Handbook for Bloggers    .pdf

 

 

 

JOIN THE UN'S

BILLION TREE CAMPAIGN

PLANT A TREE WITH US

IT WILL EAT UP 250 MILLION TONS OF CO2 CURRENTLY ADDING TO GLOBAL WARMING

 

Your tree can be planted
on the SBU campus
in "A Tree Grows in Brooklyn" land
in the NY Islanders all pavement parking lot
in SBU's many all pavement parking lots
in a national park where there was a forest fire
in Asian countries where deserts are moving in
in the Indonesian rainforest being stripped
anywhere in the world where it will grow!

There are a wide range of options
The United Nations began this campaign today
We are joining in and asking you to join too!

It's simple. Costs less than $2.00!!!
Together we can make a difference

Today, 9 Nov 06, Nobel Peace Prize Winner Wangari Maathai and the United Nations have joined forces to try to replace the 140 billion trees that have been destroyed through deforestation in the past 10 years. As Maathai said, "Anyone can plant a tree."

"Planting trees is a win, win, win, win, win proposition, and there are few of those in our world today," said Achim Steiner, head of the U.N. Environment Program (UNEP). "It is a gesture more powerful than any report we can produce, or any political statement we can make," he said.

Here is what to do:

1: Make the UN pledge
http://www.unep.org/billiontreecampaign

Promise to plant just one little tree in April 2007
(you can do it at any time in 2007 but we are going to try
to coordinate around Fri-Sun of SBU's Spring Pride Patrol on 4/20)

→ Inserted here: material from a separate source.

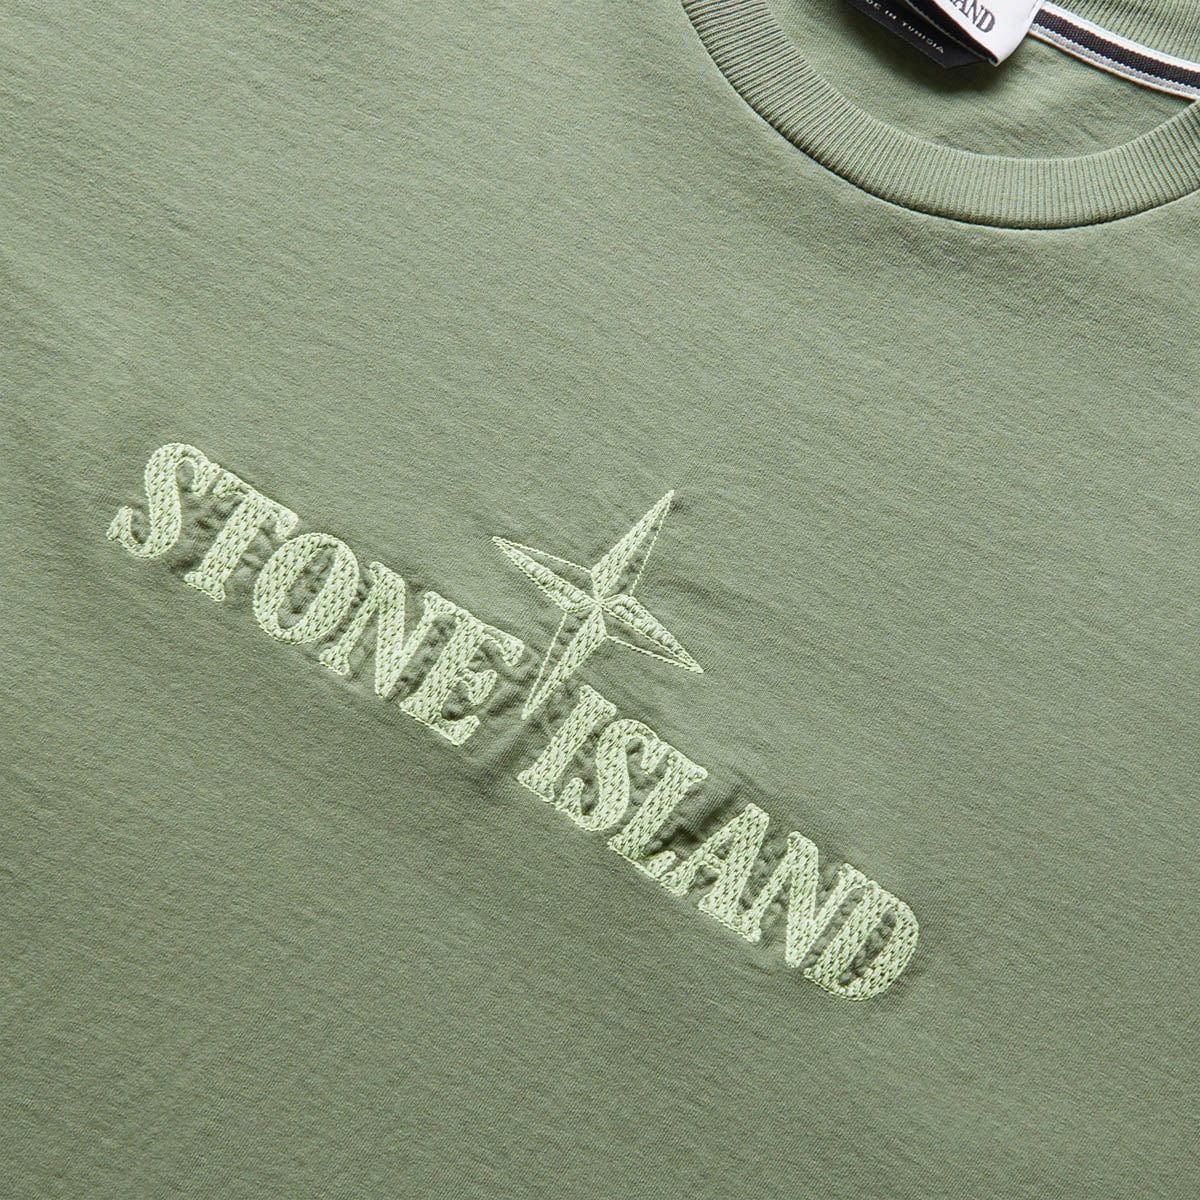 Stone Island T-Shirts 'STITCHES TWO' T-SHIRT 781521579

and then plan to take responsibility to see it grow
- either personally - watering it until it takes root
- or via a group like National Arbor Day Foundation


2: Email AA E-Zine to say you have made the pledge
aaezine @ yahoo.com

- We will tell you what your options are
Some you can do on your own
Some you can join us to get trees at low cost

Examples: - for $1.50 an individual can get one tree to plant
- or for $10 - 10 trees to plant
- for $5 you can have a tree planted in a National Forest
damaged by fire, insects, or disease
- for varying amounts you can:
buy fruit trees for Tibetan exiles,
seedlings for agroforestry in Karnataka and Kerala, India
protect rainforest acreage in Indonesia
save trees facing extermination through the Global Trees Campaign

____________________________________________

Project would plant a billion trees worldwide
http://www.cnn.com/2006/TECH/science/11/08/nobel.trees.reut/
Kenya, Nairobi
(Reuters) -- The United Nations and Africa's Nobel laureate, environmentalist Wangari Maathai, launched a project on Wednesday to plant a billion trees worldwide to help fight climate change and poverty.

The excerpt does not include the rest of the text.